I'll preface this by saying I HAVE checked my recirculating door and it is working as designed. When the door is set to outside air, it pulls outside air. 
The other day it was raining and around 48 degrees. I had been volunteering in the rain all day, and was not soaked, but damp. As I was driving home, I had the heat on my feet and I noticed the windshield starting to fog. So I just changed the HVAC to defrost. There was little fogging so I left the fan speed on 2 (4 speed fan) thinking that should be enough. Shortly the fog was not disappearing, in fact, it was getting worse. I checked to make sure the air was on outside air and turned the fan up to 3. The fog kept getting worse. At this point, ONLY 80% of the windshield was clear, the side windows were completely fogged so you could not see out of them. (The rear window defroster works perfectly). I cranked the fan up to 4 and it clears a small section on the driver and passenger window; just enough to see out of. It stayed like that for the rest of my drive with the fan speed on full. I then got out of the car and it sat idling with the defrost kicking for 15 minutes. When I got back in the windows were almost clear, but quickly began fogging up again. They are almost impossible to keep clear when it is ranting and chilly. This happens even when j am dry. 

Does anyone have any idea why the Cruze defrost system is so bad?? Is my car doing what it's supposed to? It seems everyone has this problem, so I'd assume it's working as designed. But why is it designed to not work? My girlfriend has a Buick Verano and with the climate set on auto the windows stay completely clear no matter how much moisture is inside or how hot the interior is. The Verano is about the same size as the Cruze...in other cars when I turn defrost on it clears all fog within seconds even on low fan speeds. Any ideas why the Cruze can't do that? It was above the temp cutoff for the compressor...so it should've been drying the air. I even hit the A/C button to turn it on (I know it's on with defrost) and it didn't make a difference. 

Interested to hear ideas or other experiences. It's worth noting that I never had the inside frost issue where my windows frosted up on the inside in the winter. But it is kind of annoying to have to drive down the road with the fan blasting air any time it rains. Would changing my cabin air filter help? I should be doing that soon anyways. 

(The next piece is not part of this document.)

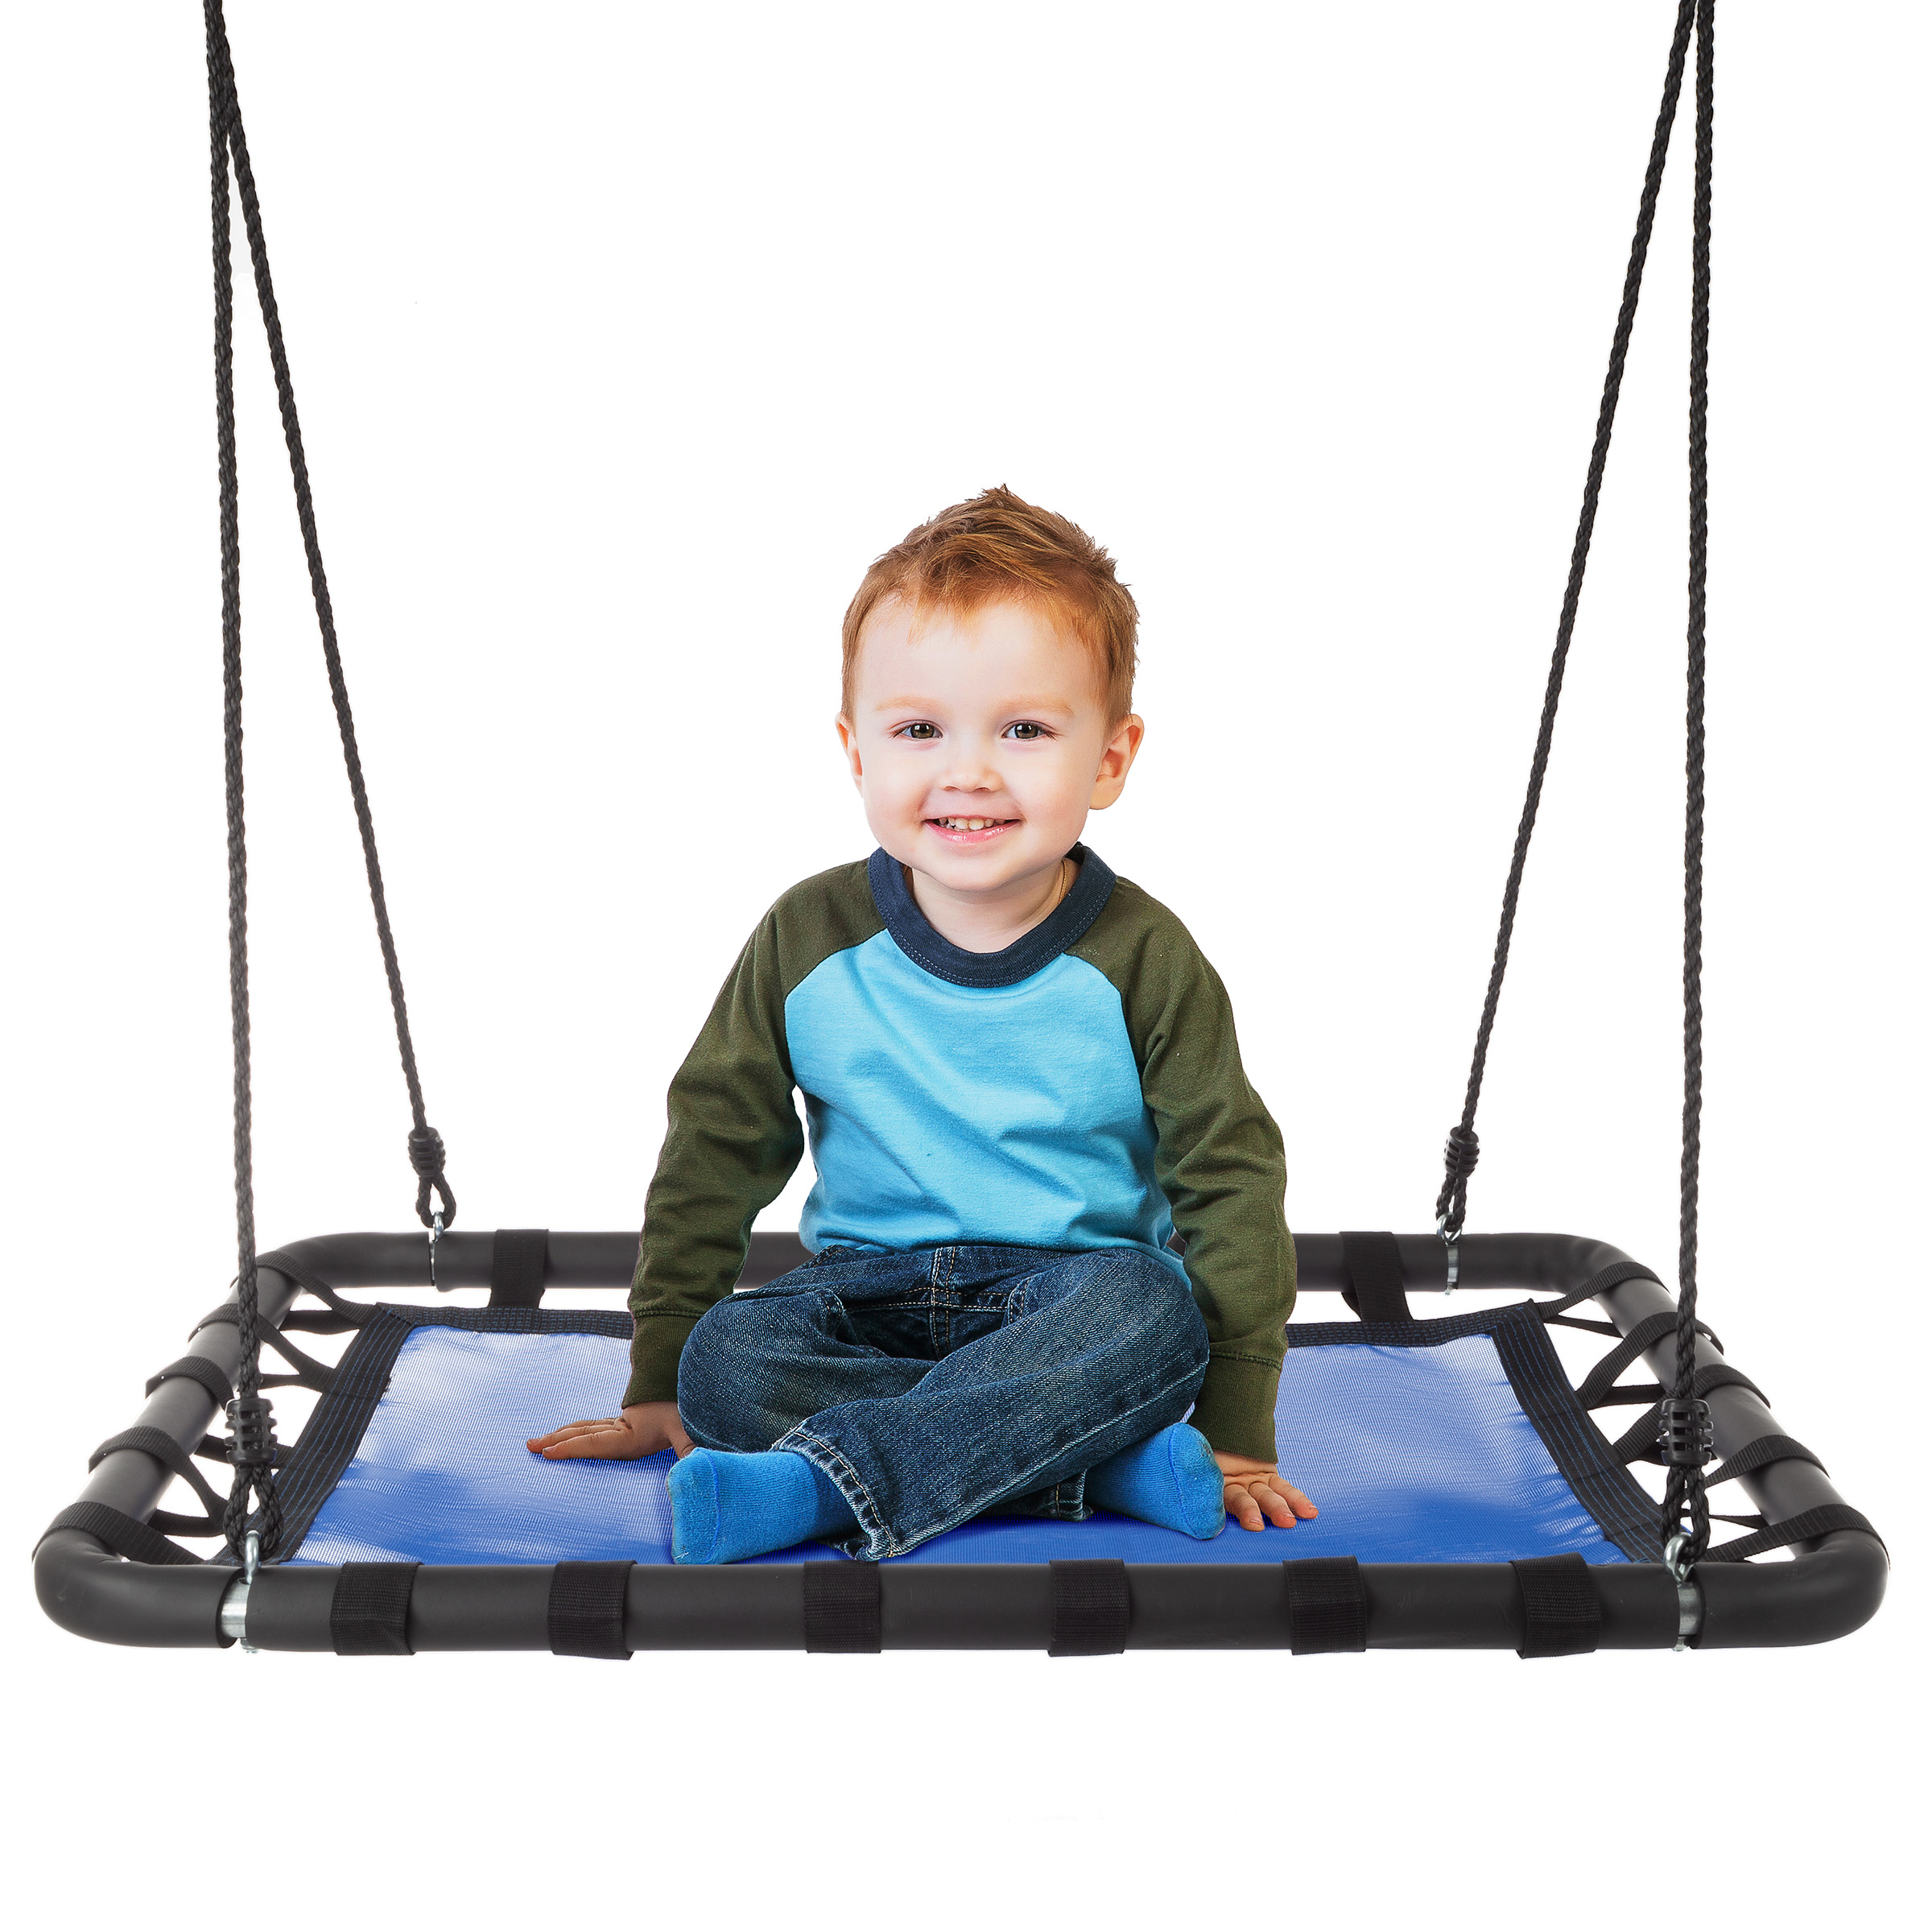 Large Platform Swing Hanging Outdoor Tree Or Playground Equipment Rectangle Bench Swing Adjustable Rope 220 Capacity

Sent from AutoGuide.com Free App


----------



## Aussie (Sep 16, 2012)

I have automatic air conditioning in my Cruze and never have any fogging of the windows. In other cars I have found the problem you describe was easily fixed by using the A/C with the heater and all the windows would clear up quite quickly. The A/C removes the moisture from the air and that is what causes the fogging. I also put the controls to recirculate, otherwise you are just bringing more moist air into the car.


----------



## NickD (Dec 10, 2011)

On my 2012 2LT the difference between blower speeds 3 and 4 is going from a breeze to a hurricane. Come to think about it, I complained about this to my dealer three years okay, requires a firmware change. He was going to get right back to me, this was three years ago, never did, just had to learn to live with it. 

Can't be in recir mode, just recirculating your own breathe, major cause of interior fog. Ha, my son calls me, dad, my furnace is constantly cycling, first question I ask him, when was the last time you replaced your air filter. Sure enough, its jammed, insufficient air flow, kicks out the many thermal breakers.

Same problem with the Cruze with that cabin filter, but just drastically cuts down on air flow. Don't get me wrong, I love that cabin filter, keeps all that crap out of the MVAC system, but does have to be replaced, depending on where you live.

Still a dirty world out there.


----------



## jblackburn (Apr 14, 2012)

Weird. When I switch to straight defrost mode, the windshield clears up within 10 seconds, sometimes before I hear the airflow even switch directly to the windshield. 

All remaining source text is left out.